〈暴食〉のアル   作:ゆうと00

56 / 83
第56話

「今の爆発……! もしかして、アルちゃんが……!」

 

 建物の向こう側から覗く空に突如爆発が巻き起こったのをバニラが目撃したのは、『赤いコートを身に纏った人物を目撃した』という情報を掴んだヴェルクに連れられて歩いていたときのことだった。

 まさにその方向から噴き上がった炎に、バニラの脳裏に最悪の事態が過ぎる。そのまま居ても立ってもいられず、バニラはすぐさま爆発のした方へと駆け出し――

 

「待った!」

 

 ていこうとするのを、ヴェルクが咄嗟に肩を掴んでそれを止めた。

 しかしバニラは、懸命にその腕を振り解こうともがいた。

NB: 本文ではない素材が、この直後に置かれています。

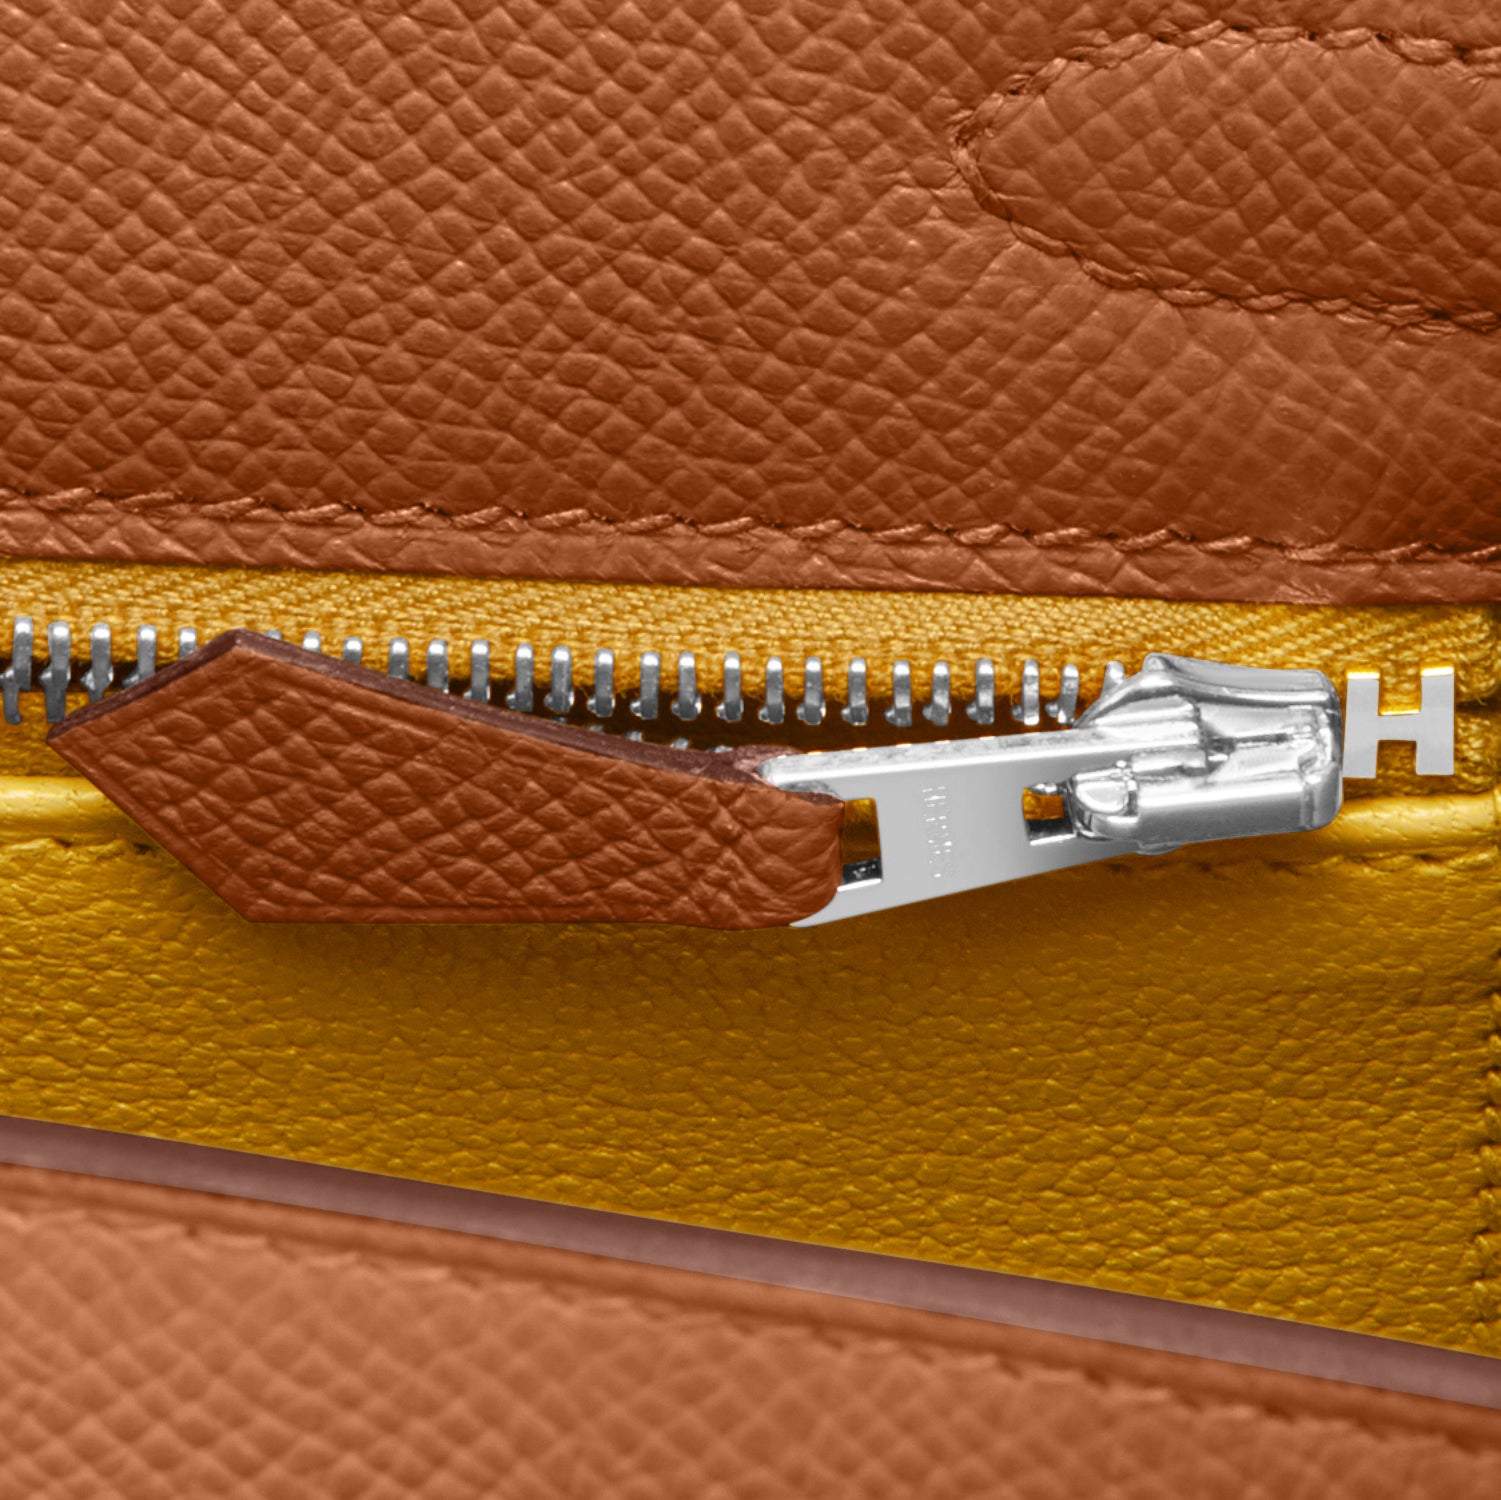 Hermes Kelly Pochette Jaune Ambre Gold Hardware Clutch Amber Bag Y Stamp,  2020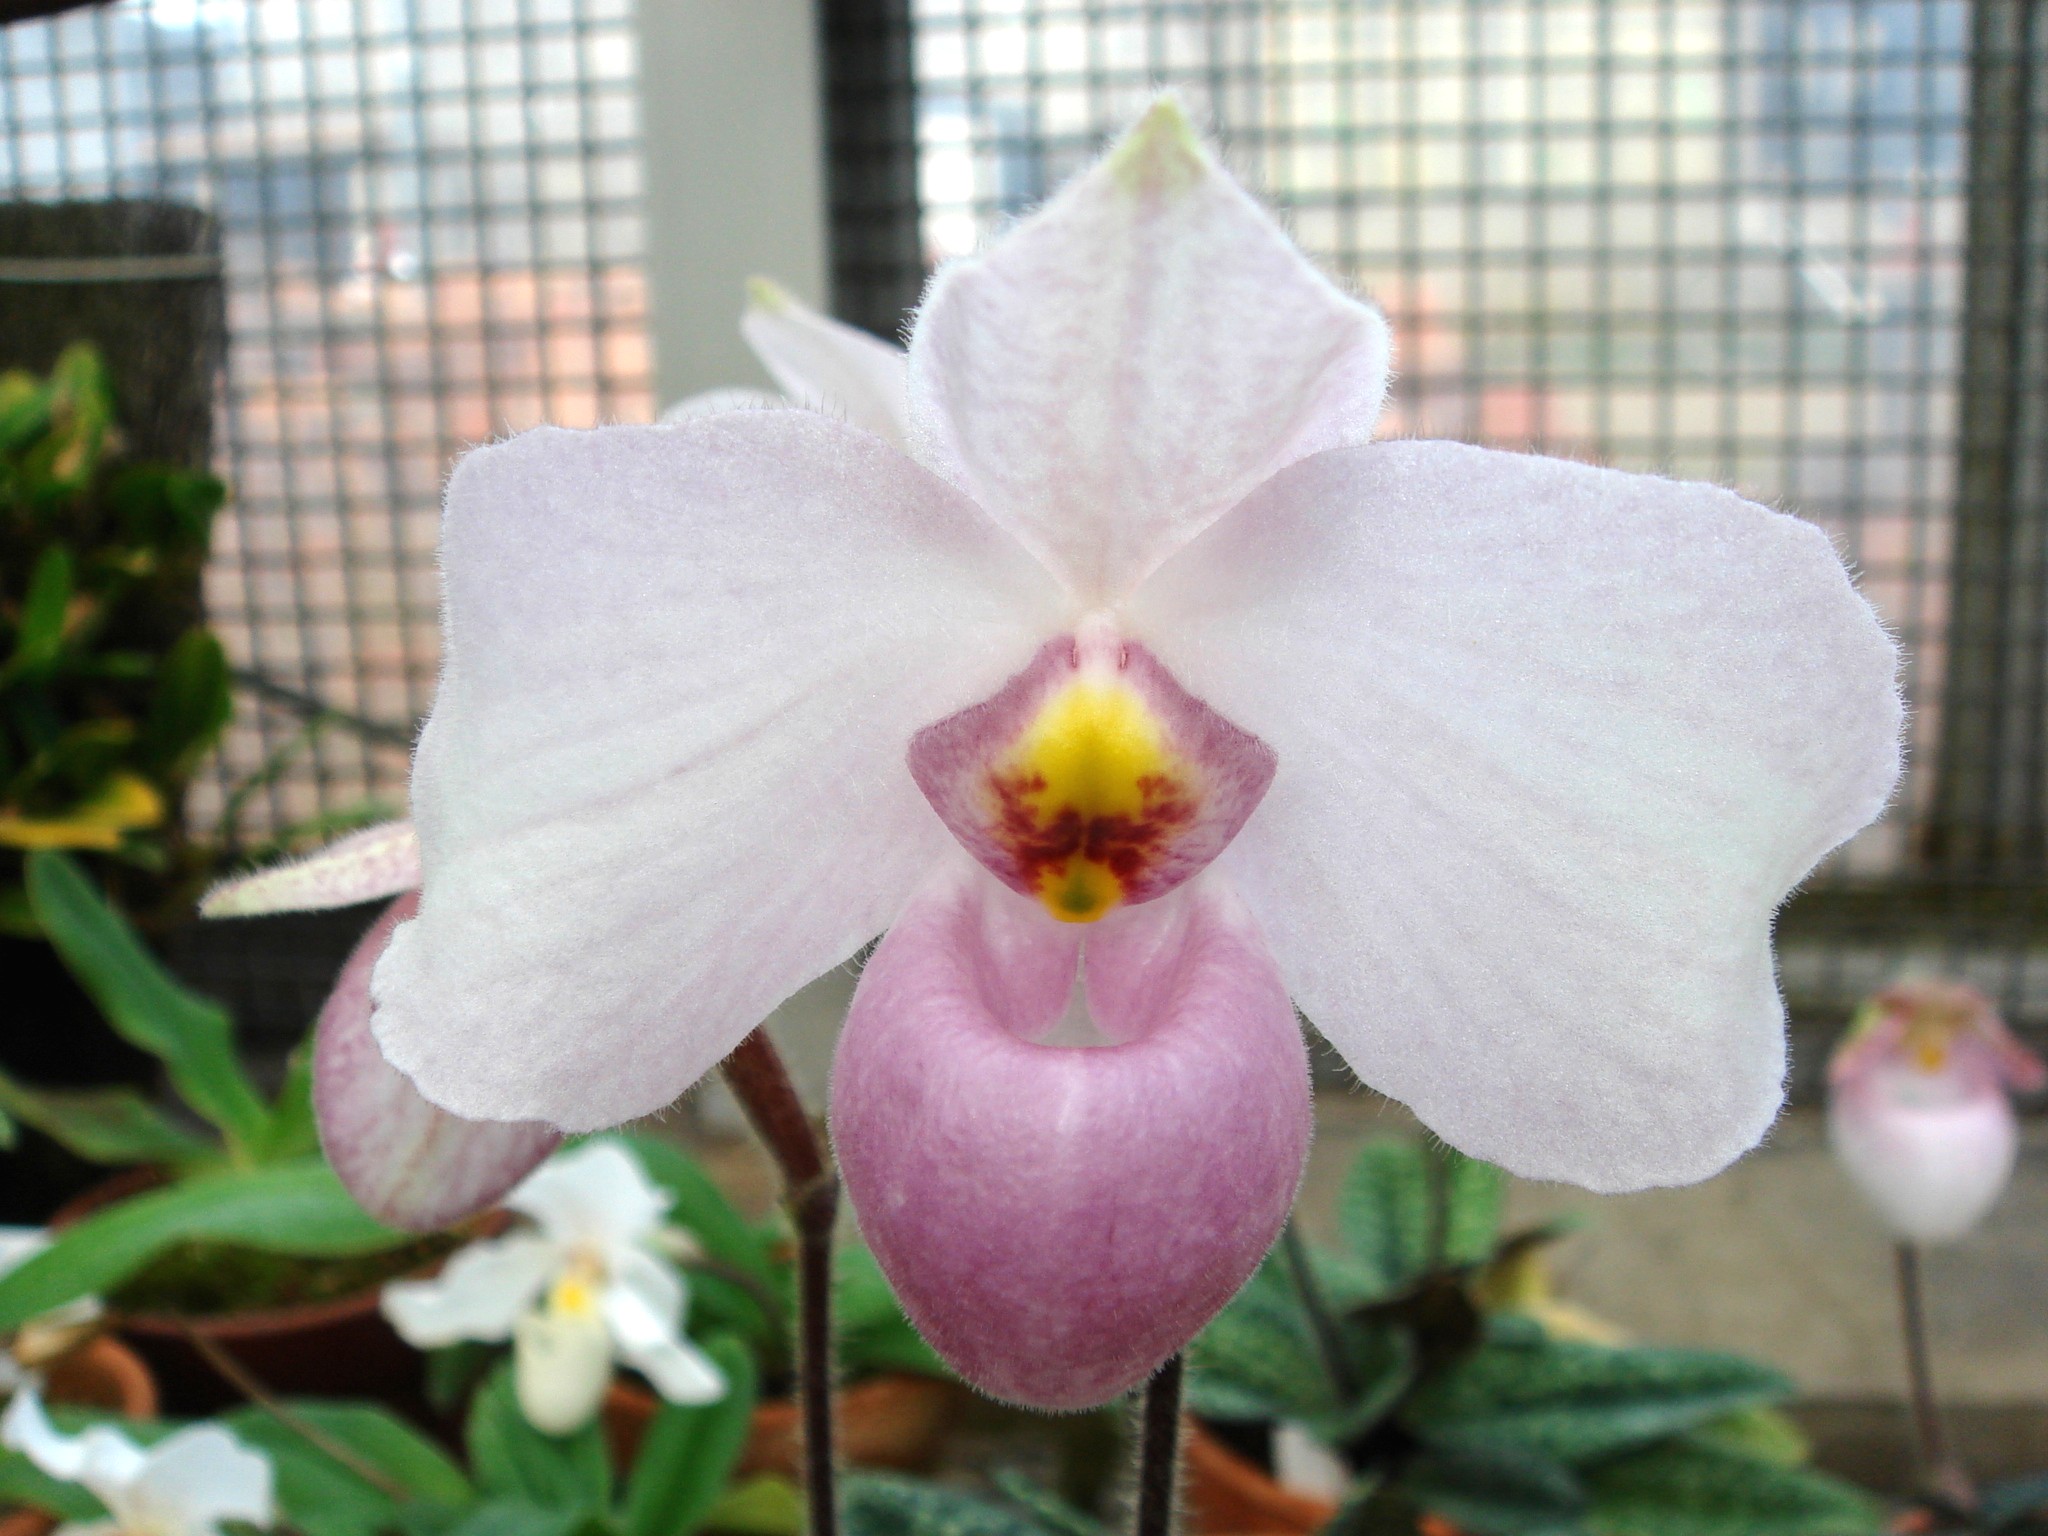 http://orchids.la.coocan.jp/Paphiopedilum/Paphiopedilum%20delenatii/DSC04082.JPG

成人男性と少女だけあって力の差は歴然だが、それでもバニラは諦めようとしない。

 

「なんでですか、ヴェルクさん! 早く行かないと――」

「落ち着くんだ、バニラちゃん。その子がさっきの爆発に巻き込まれたと決まった訳じゃない」

「で、でも! あの辺りに赤いコートを着た人がいるって――」

「だから、それは〈火刑人〉を名乗る例の侵入者かもしれないだろ? 僕らはまず、目撃された赤いコートの人物がその子かどうかを見定めなきゃいけないんだ。もしかしたらそいつは例の侵入者で、そいつと出会うことで僕らに牙を剥くかもしれない」

 

 ヴェルクのその言葉を聞いて、バニラはようやく彼の腕を振り解こうとするのを止めた。そして肩を上下させるほどに荒げている息を、大きく深呼吸することで落ち着かせる。

 

「……ごめんなさい、ヴェルクさん」

「いや、構わないよ。友人が危険な目に遭ってるかもしれない状況で、落ち着けっていう方が無理な話だ。――大丈夫だよ、バニラちゃん。その子がたとえあそこにいたとしても、きっと上手くやり過ごしている。君の友人は、そういう子なんだろう?」

「……はい、そうですよね。あの子は足が速いから、きっと上手く逃げてますよね」

 

 バニラはぎこちない笑みを浮かべて、まるで自分に言い聞かせるように呟いた。とはいえ、忙しなく両手の指を動かして手遊びをしている様子から、彼女の現在の心理状態が容易に読み取れる。

 無理もないか、とヴェルクはそれを見て小さく溜息を吐いた。

 と、そのとき、

 

「――ん? 何だろう、あの子……」

 

 バニラがそう呟いて、手遊びを止めた。ヴェルクも、彼女の視線の先を目で追う。

 2人の前方、およそ大股で20歩ほど進んだ先にある建物の陰から、1人の少女が姿を現した。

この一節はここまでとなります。